Boxee is declaring victory in recent FCC decisions on cable encryption, though the loophole for third-party devices wanting to tune into free channels could involve some messy cabling. The set-top box company had joined with Comcast to protest against cable encryption proposals that could have blocked devices like the Boxee Box from getting a signal without owners paying a subscription, and while the FCC isn't entirely convinced by their collective arguments, it has thrown a temporary solution their way.

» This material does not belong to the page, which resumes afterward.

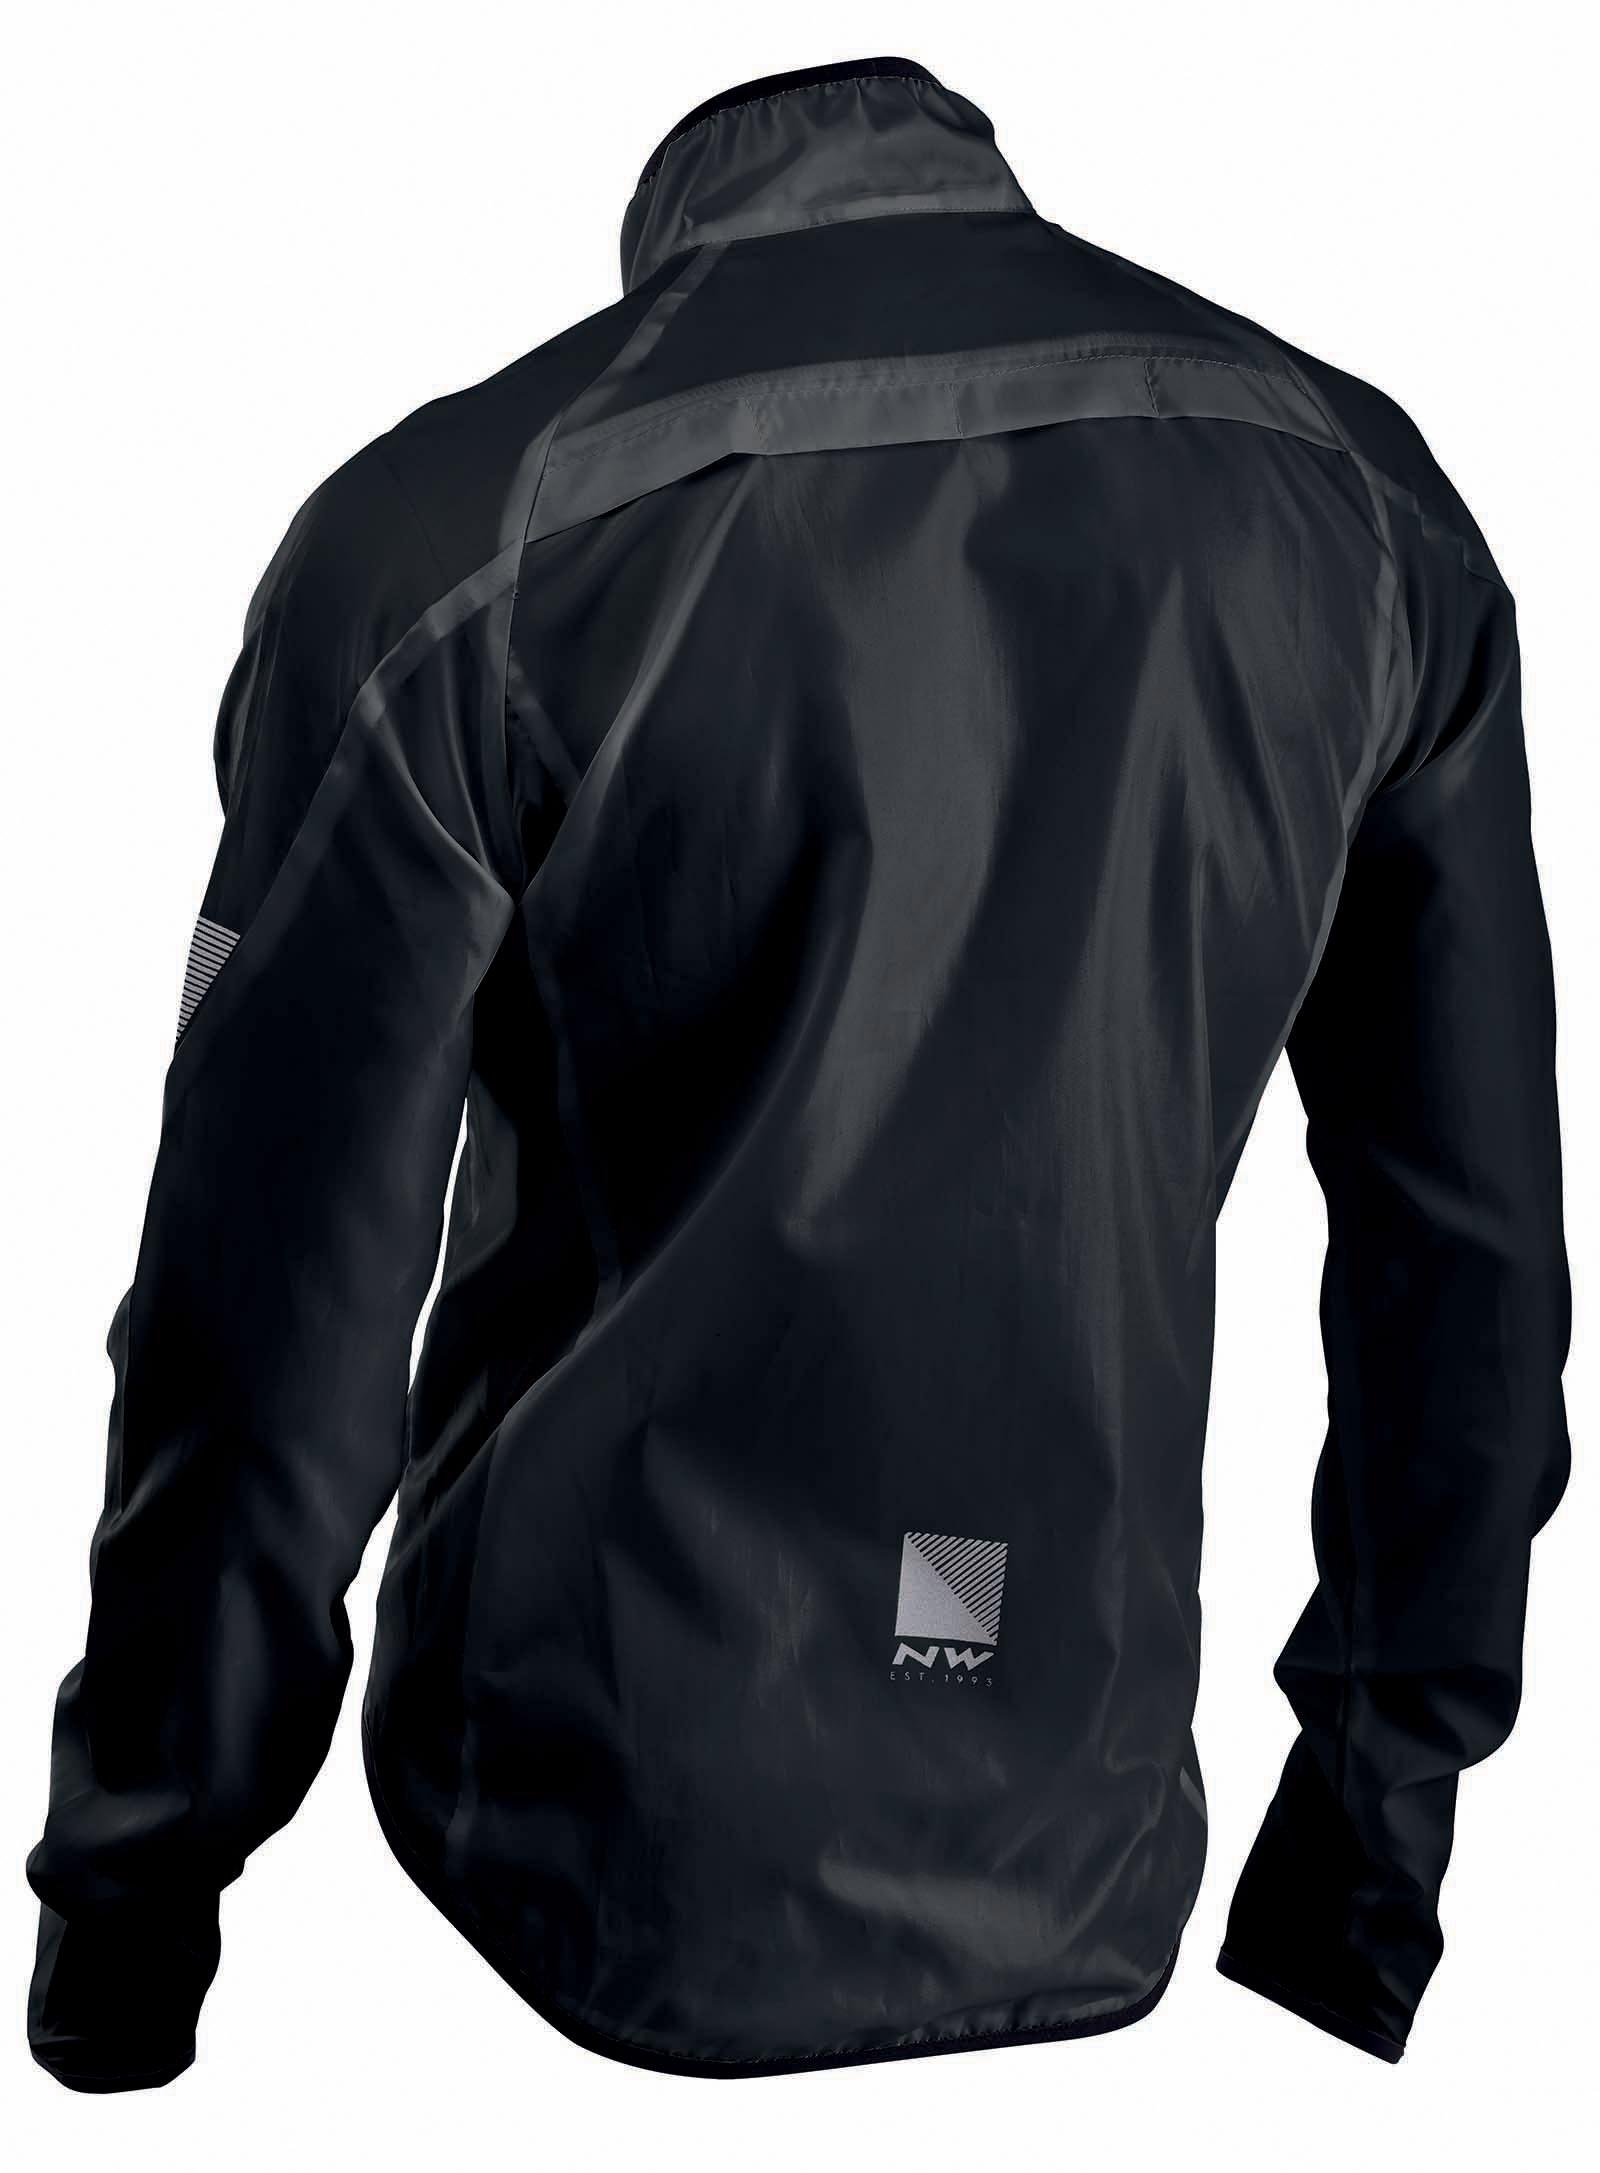 Buy Man Cycling Jacket Vortex Black 17619171   Italy2Us.com

Boxee itself plays coy with the details, but the FCC's own summary spills some technical details. Cable companies will be obliged to notify users that their basic tier service will be encrypted and offer them a free adapter box: those with only basic service will get up to two of the boxes for two years (five years if they're on Medicaid), while those with an existing cable company supplied STB or DVR will get one of the boxes for a spare TV.
Those adapters will decrypt the basic service and allow the Boxee Box and other third-party systems to chew through the channels as they do now. However, it's not all gone Boxee's way. Subscribers will have to pay a monthly service fee outside of that two year period for the use of the adapters.
Meanwhile, there were calls to mandate the sort of FRAND-style (fair, reasonable, and non-discriminatory) licensing obligations that 3G patent holders must follow to cable companies, but the FCC decided only to insist on "good faith" licensing and the requirement for clear DLNA (or other standard) labeling so that users and third-party manufacturers know what will work with which box.
Meanwhile, there's no end in sight for CableCARD either, with the FCC opting to stick with the technology despite some requests to replace it. The Commission points out that no company should have been branding its devices as "digital cable ready" unless they had CableCARD support, and argues that the proviso means there should be no confusion.